Pictures stay out of the copy; set down each line of the listing below exactly.

◆ STORED DATA ◆
==========
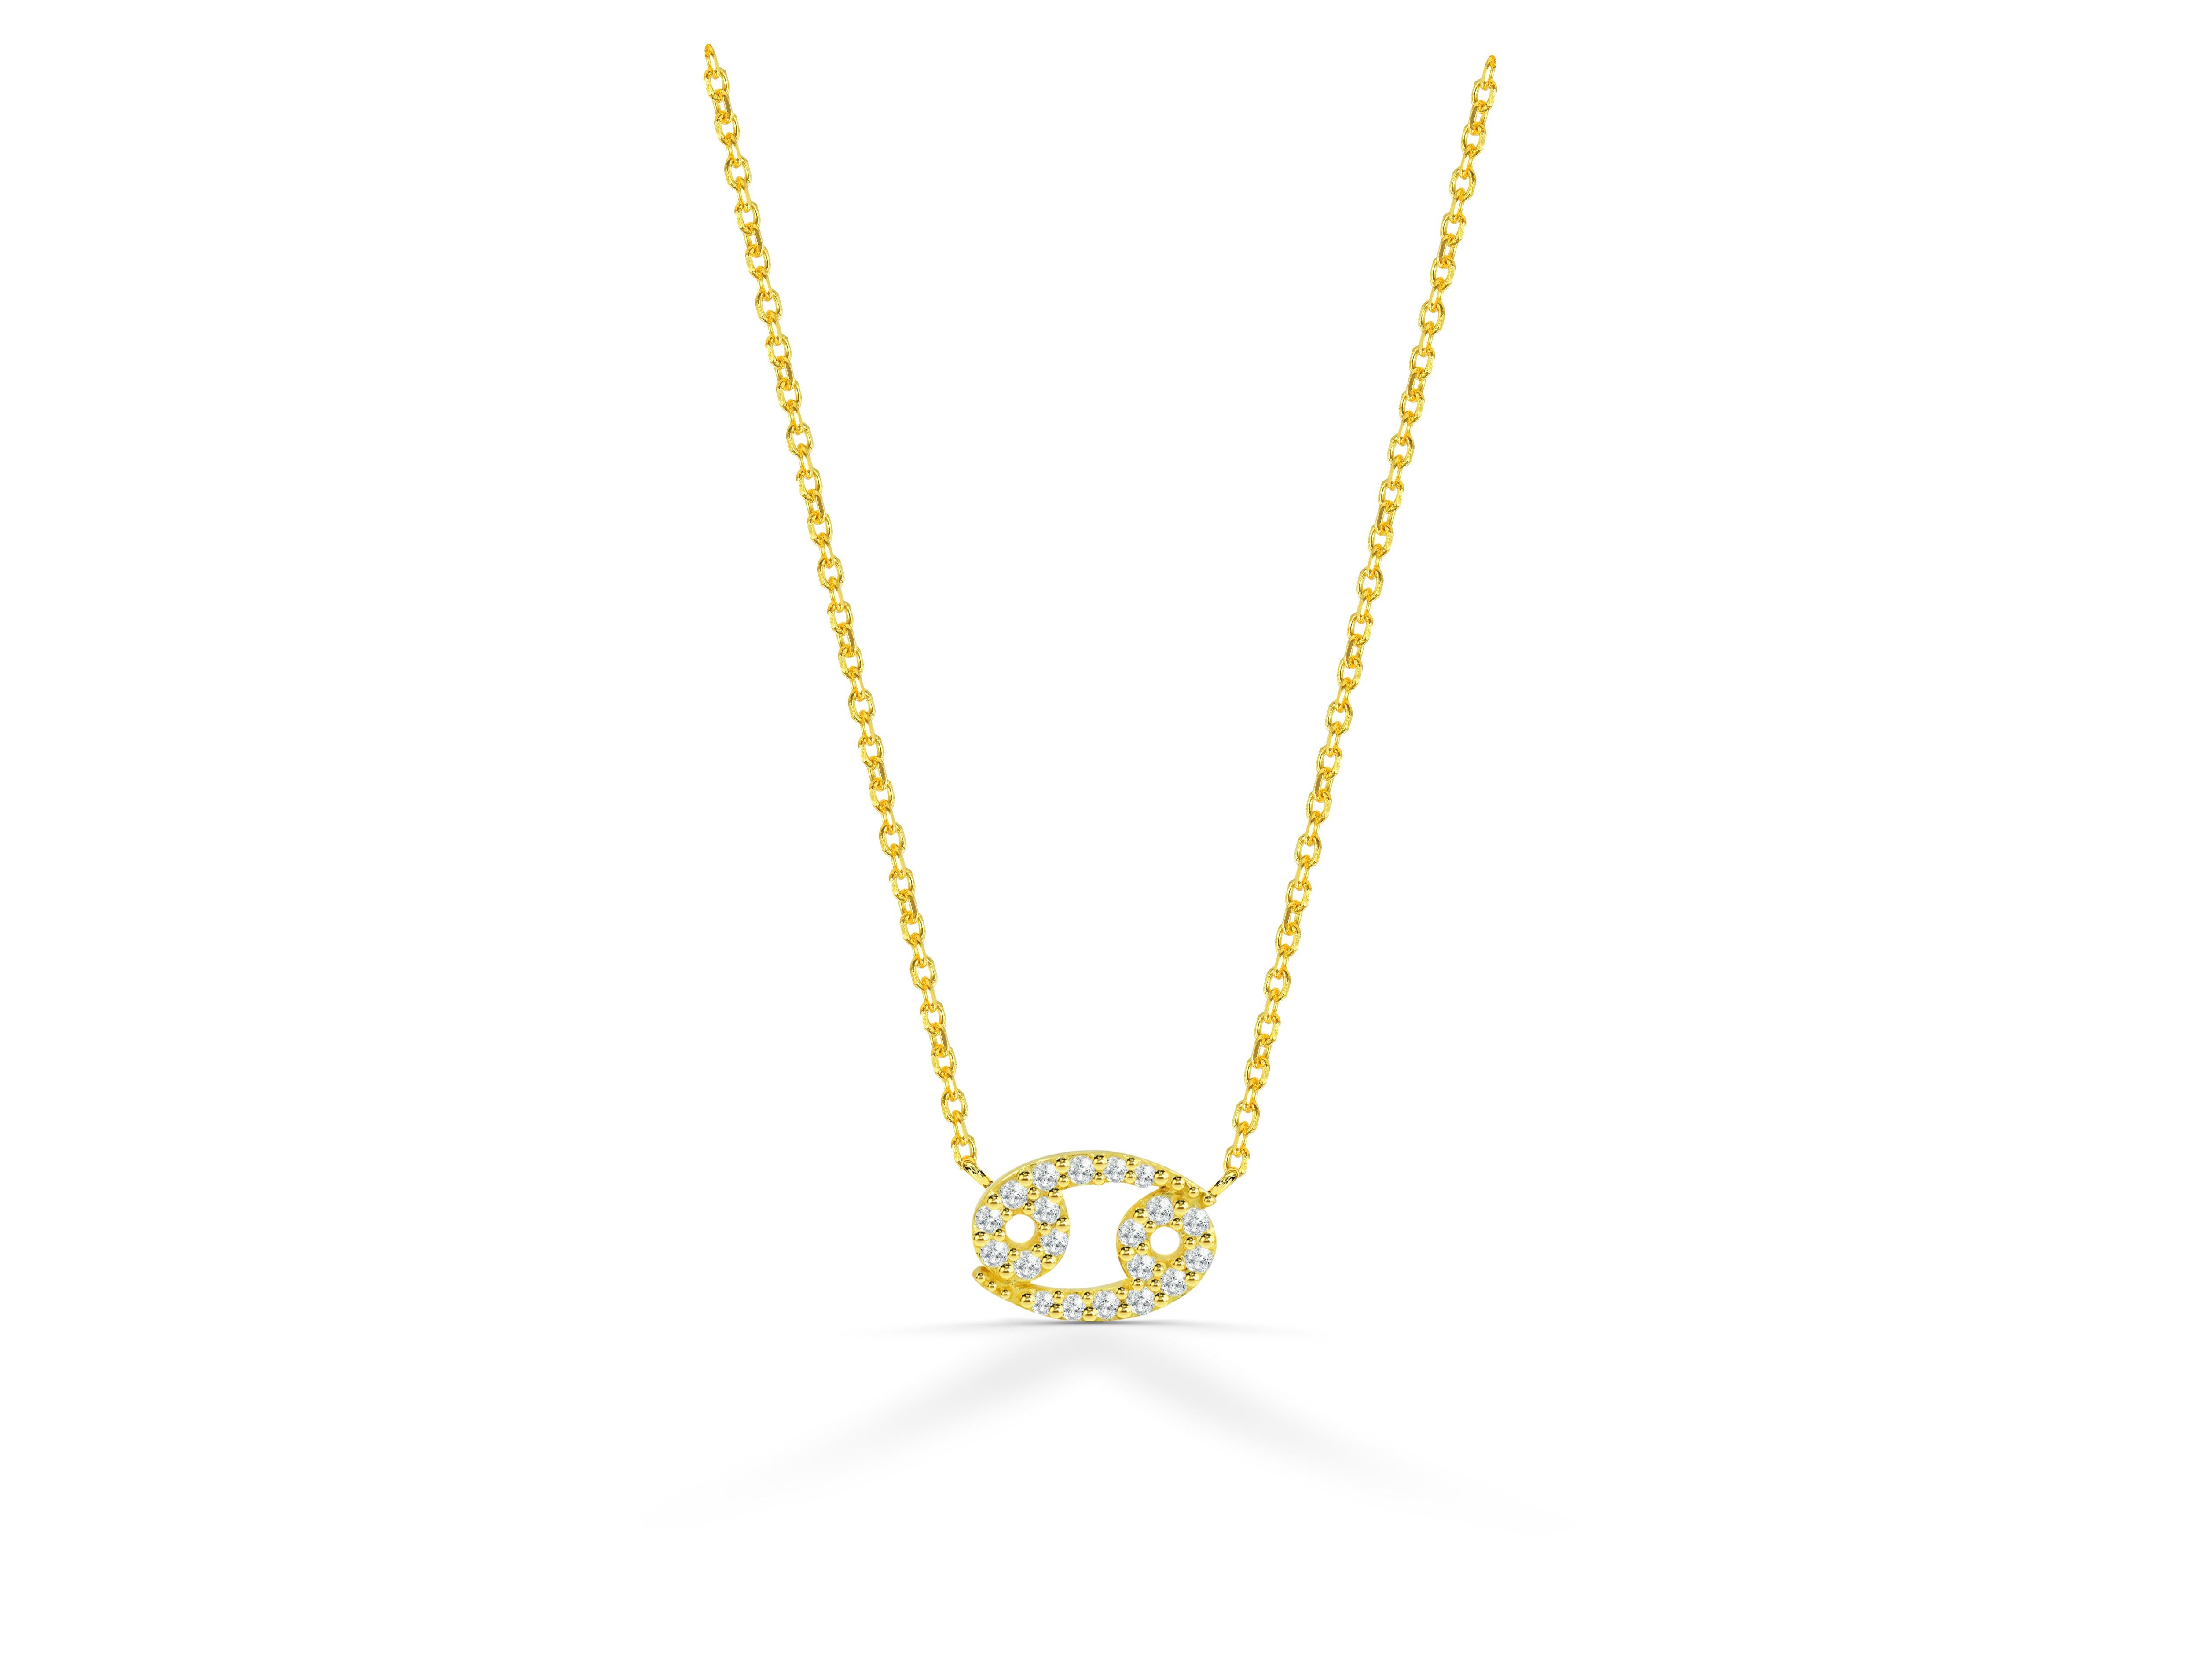 Beautiful and Sparkly Diamond Cancer Necklace is made of 18k solid gold available in three colors of gold, Rose Gold / White Gold / Yellow Gold.

Natural genuine round cut diamond each diamond is hand selected by me to ensure quality and set by a
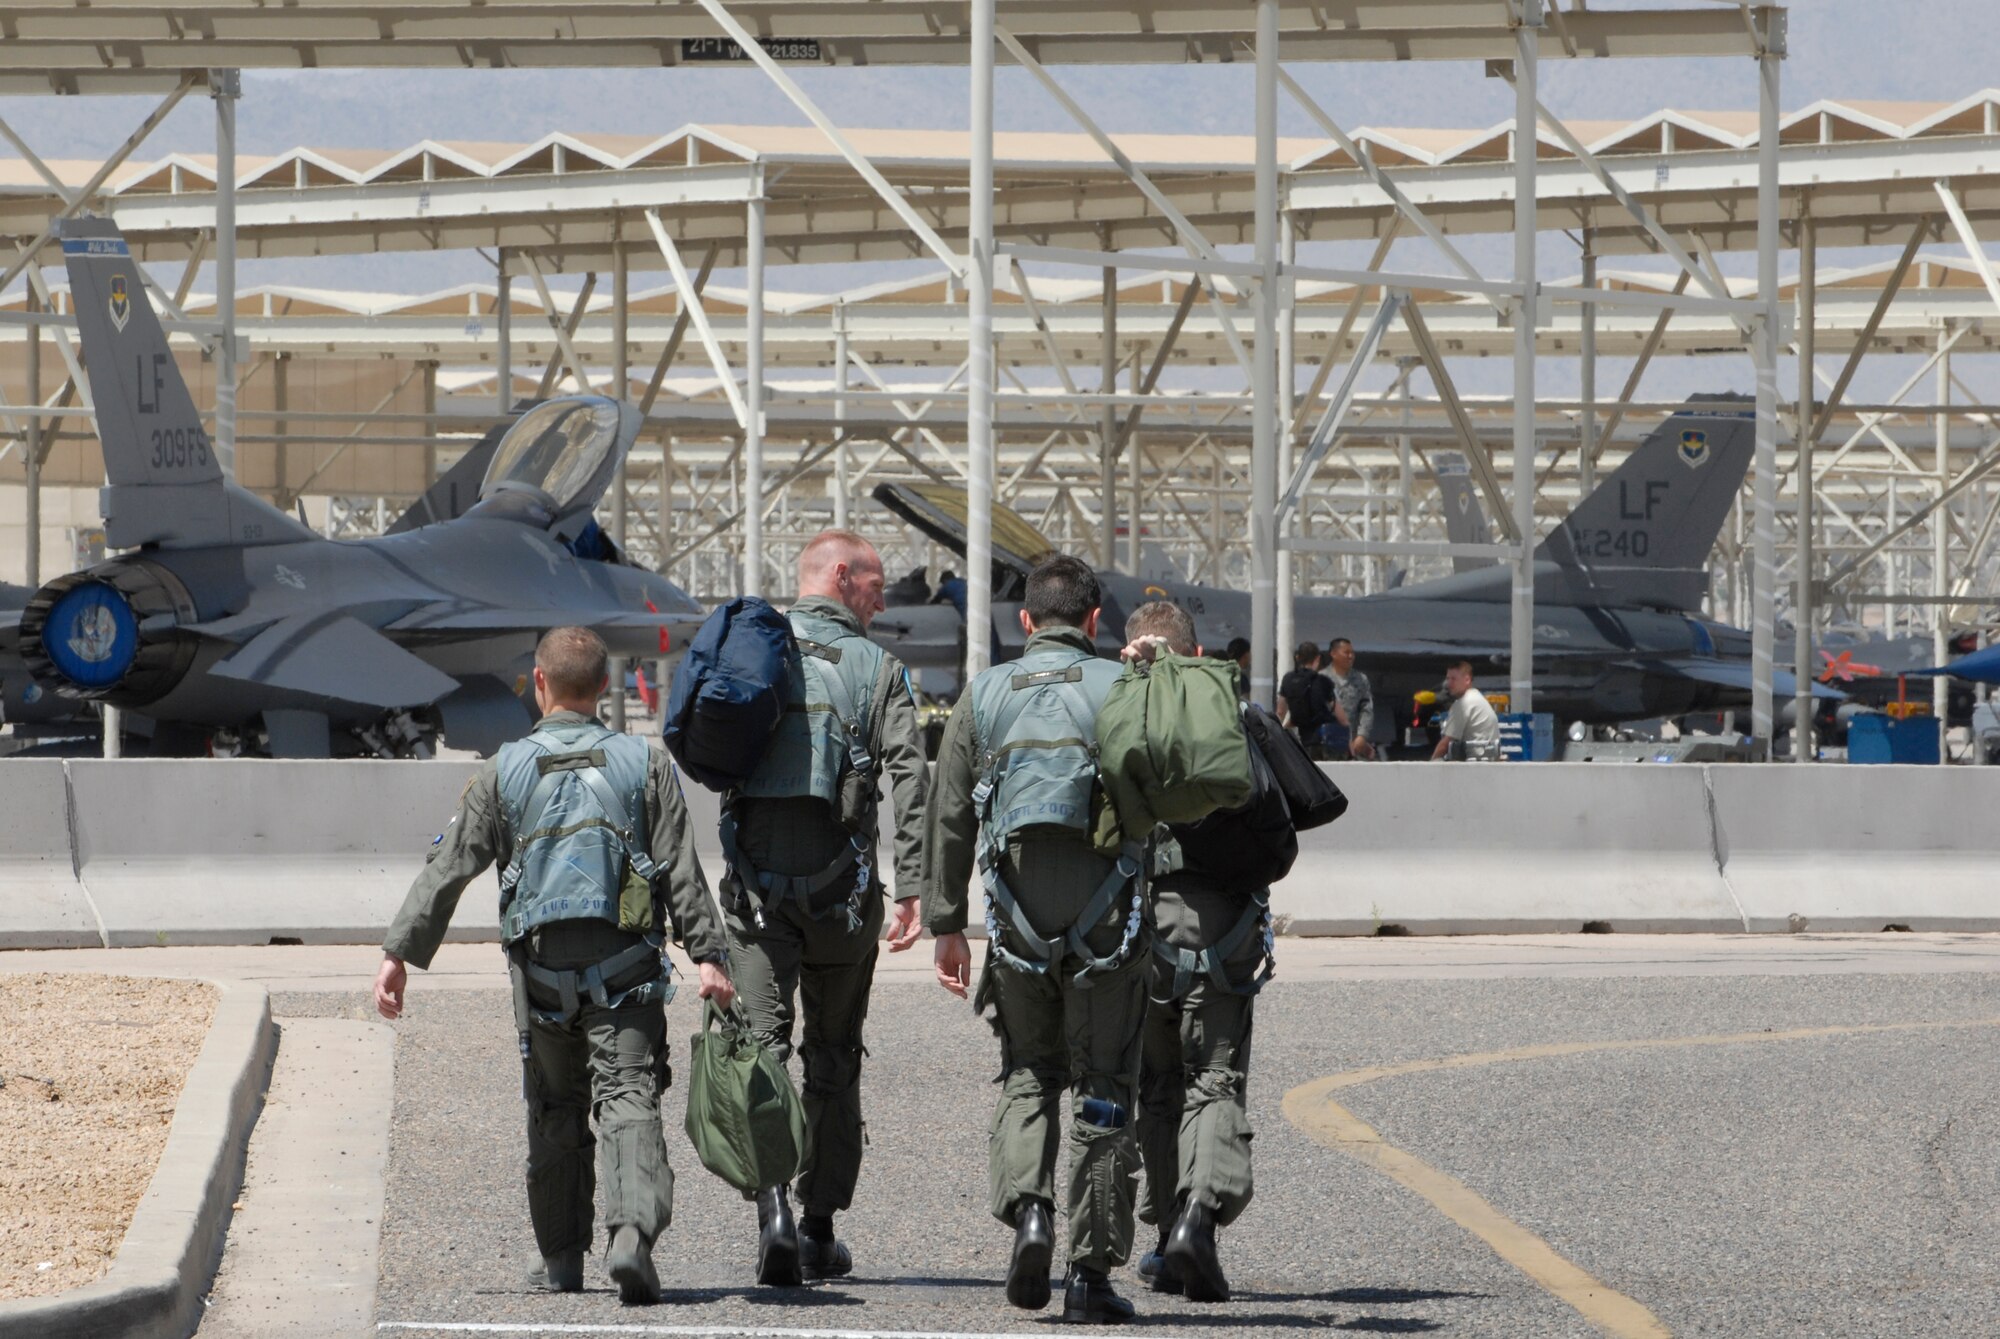 Pilots with the 309th Fighter Squadron step to their aircraft for a training mission, Apr. 28. The 309th FS is one of eight fighter squadrons that make Luke Air Force Base the largest fighter wing in the world. (U.S. Air Force photo/Staff Sergeant Christopher Hummel)
==========
◆ WRITTEN SOLUTION ◆
 Beautiful and Sparkly Diamond Cancer Necklace is made of 18k solid gold available in three colors of gold, Rose Gold / White Gold / Yellow Gold.

Natural genuine round cut diamond each diamond is hand selected by me to ensure quality and set by a
 Pilots with the 309th Fighter Squadron step to their aircraft for a training mission, Apr. 28. The 309th FS is one of eight fighter squadrons that make Luke Air Force Base the largest fighter wing in the world. (U.S. Air Force photo/Staff Sergeant Christopher Hummel)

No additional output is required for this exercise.